> [ASSIGNMENT]
Leaving the images aside, transcribe all the data below exactly.

> [STORED DATA]
+++

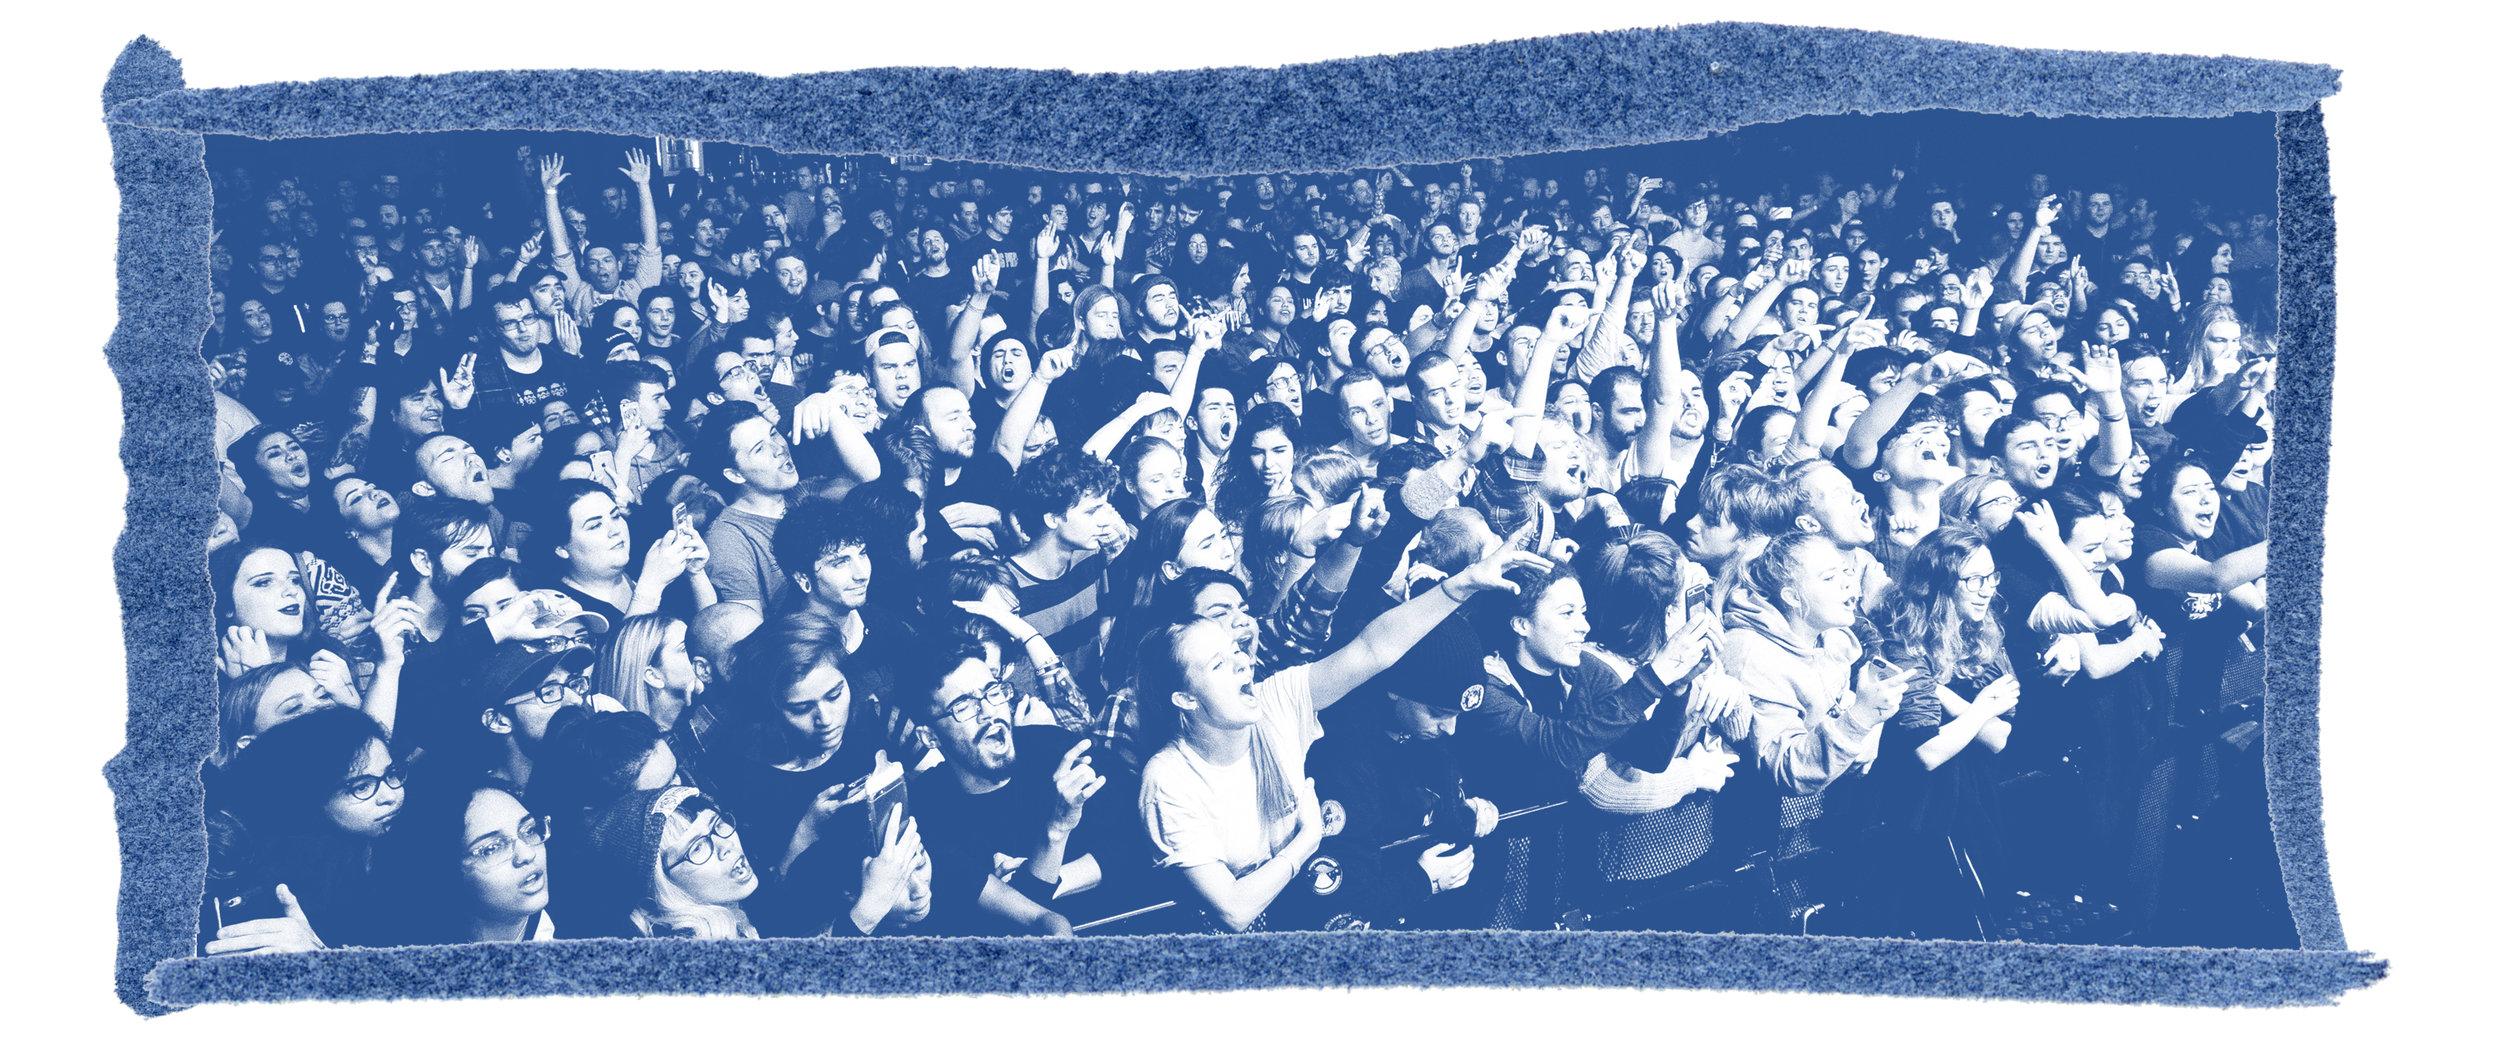 crowd-texture.jpg
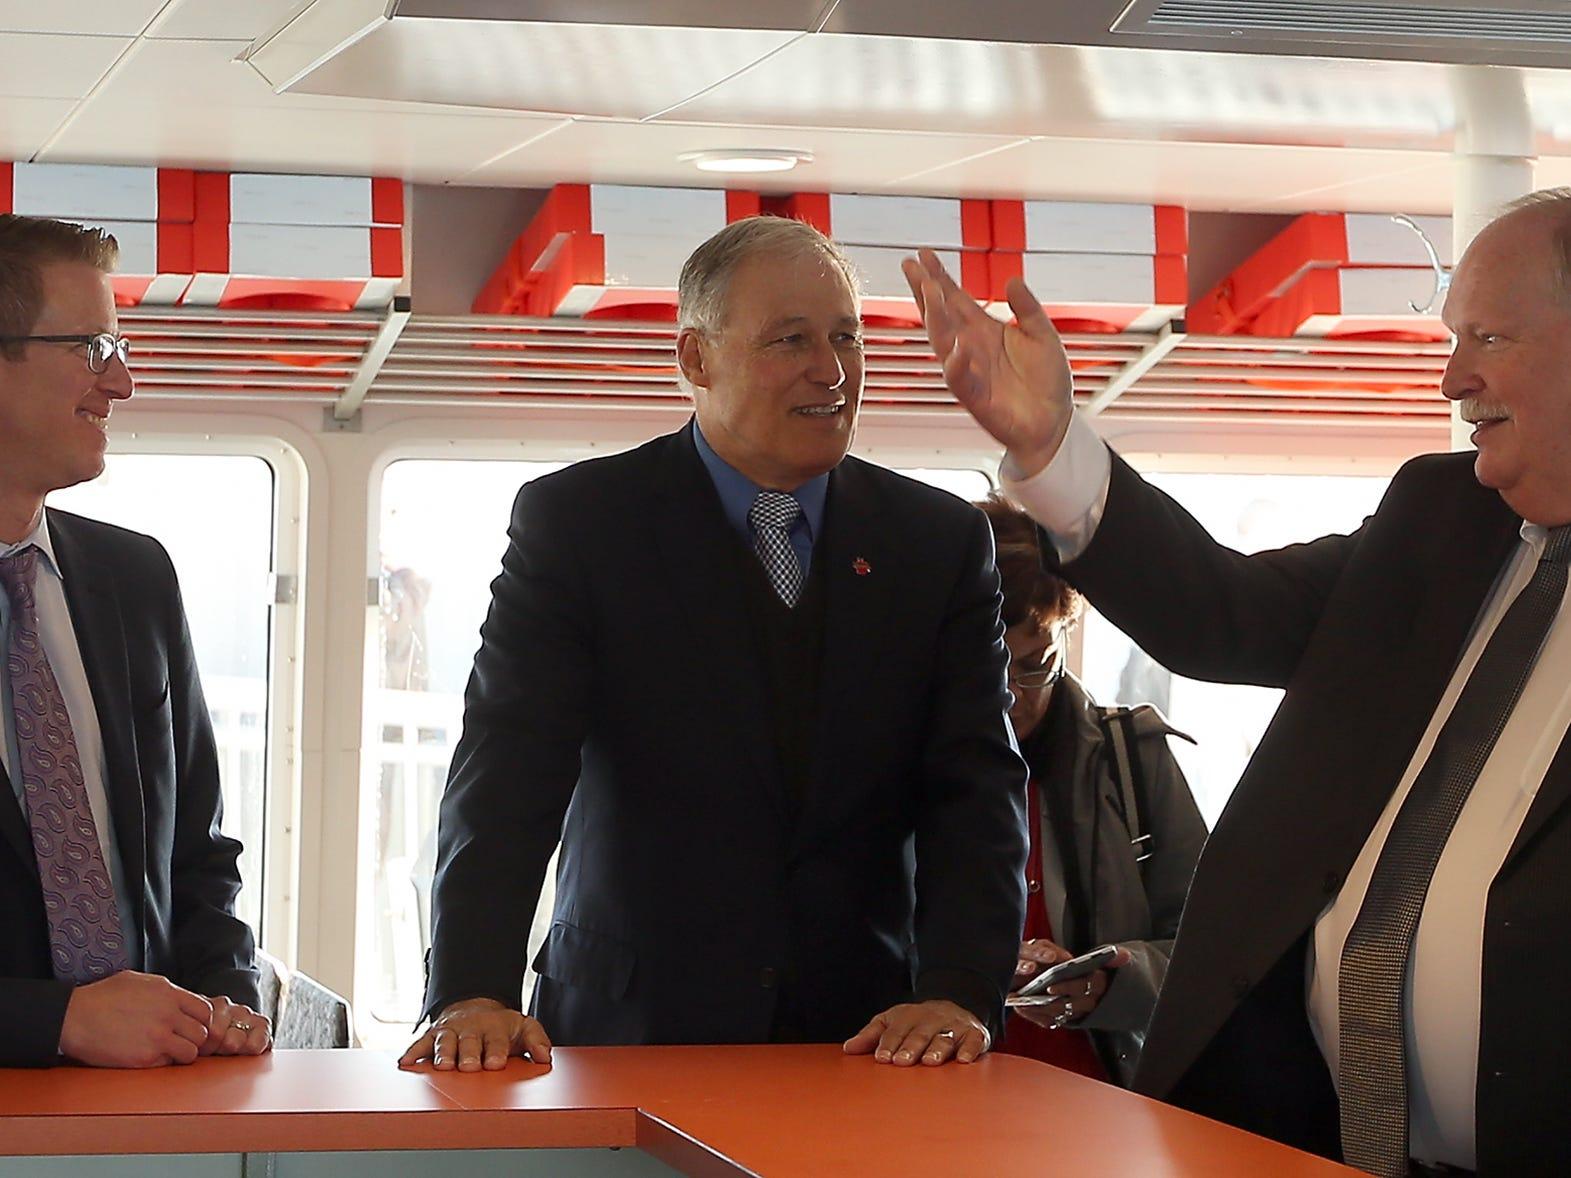 Kitsap Transit executive director John Clauson (right) talks with Jay Inslee (center) and  U.S. Rep. Derek Kilmer (left) aboard the M/V Finest on Monday, November 19, 2018.
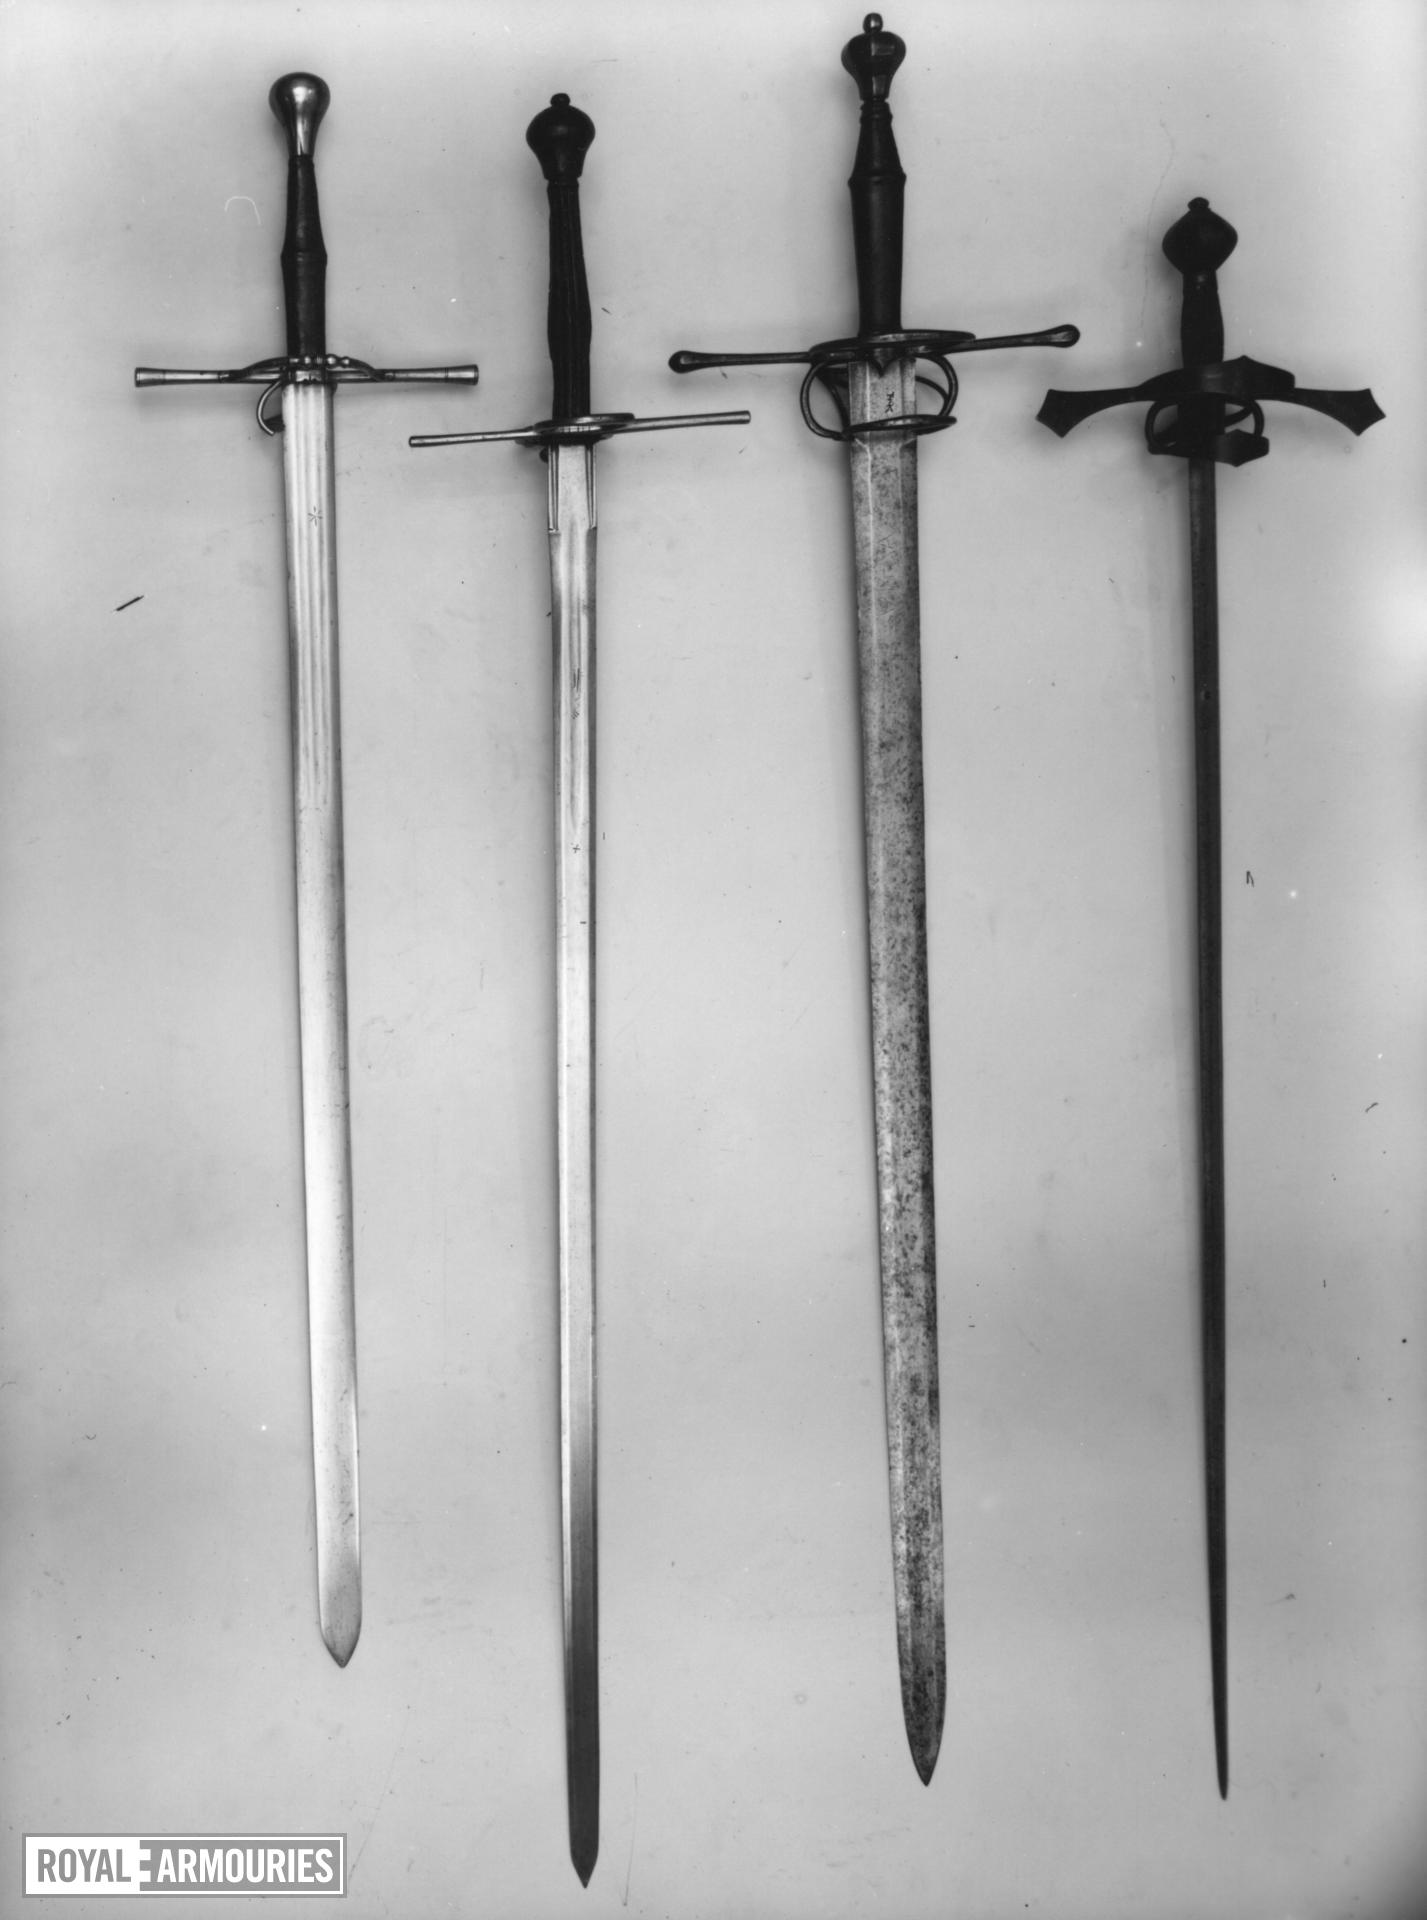 Sword - hand-and-a-half sword
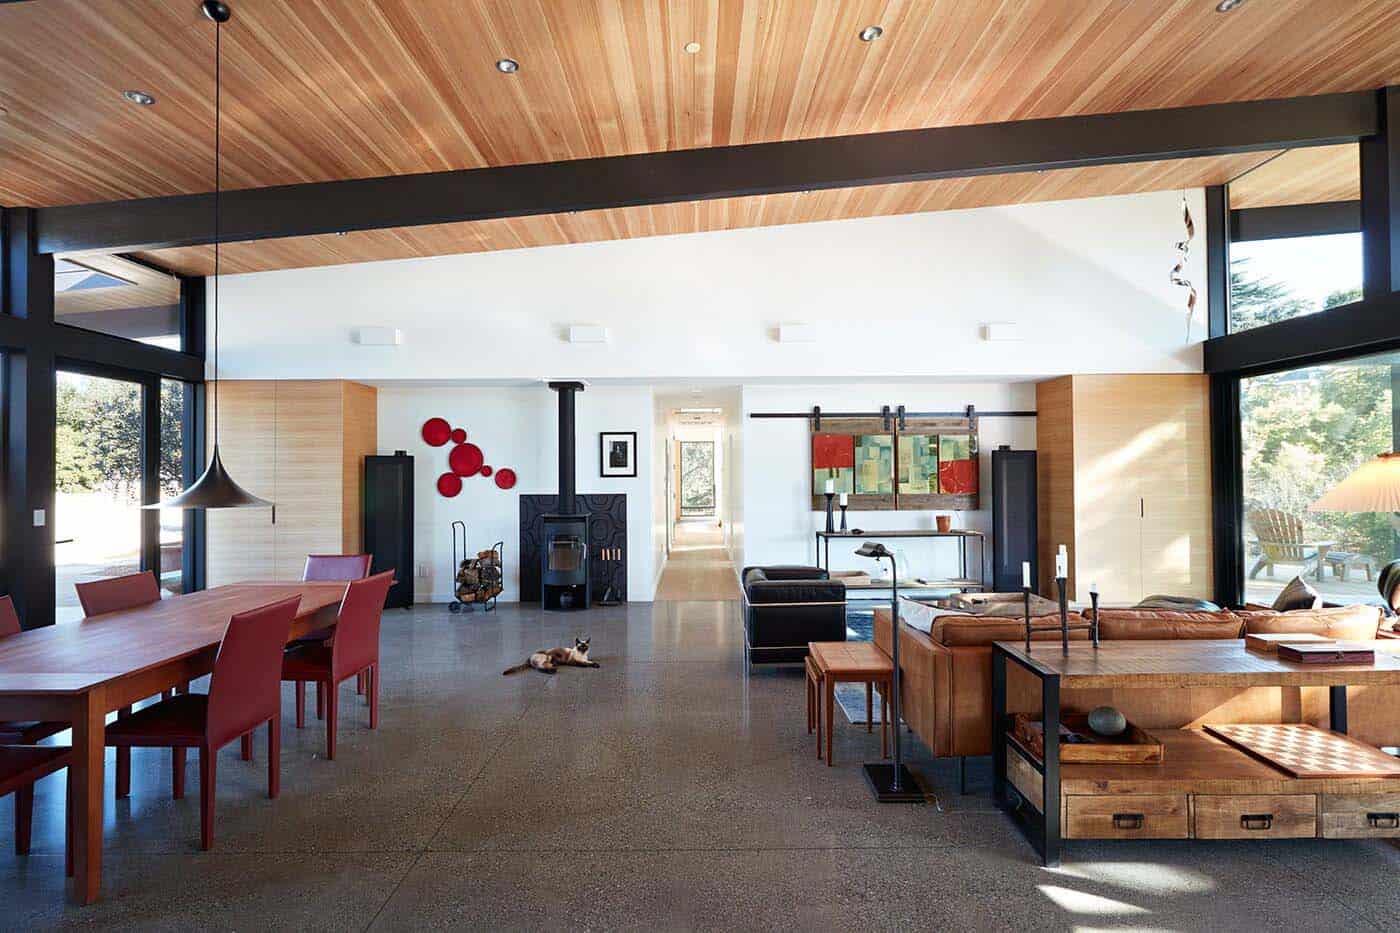 Sacramento Modern Residence-Klopf Architecture-06-1 Kindesign

+++

> [TASK SOLUTION]
 crowd-texture.jpg
 Kitsap Transit executive director John Clauson (right) talks with Jay Inslee (center) and  U.S. Rep. Derek Kilmer (left) aboard the M/V Finest on Monday, November 19, 2018.
 Sword - hand-and-a-half sword
 Sacramento Modern Residence-Klopf Architecture-06-1 Kindesign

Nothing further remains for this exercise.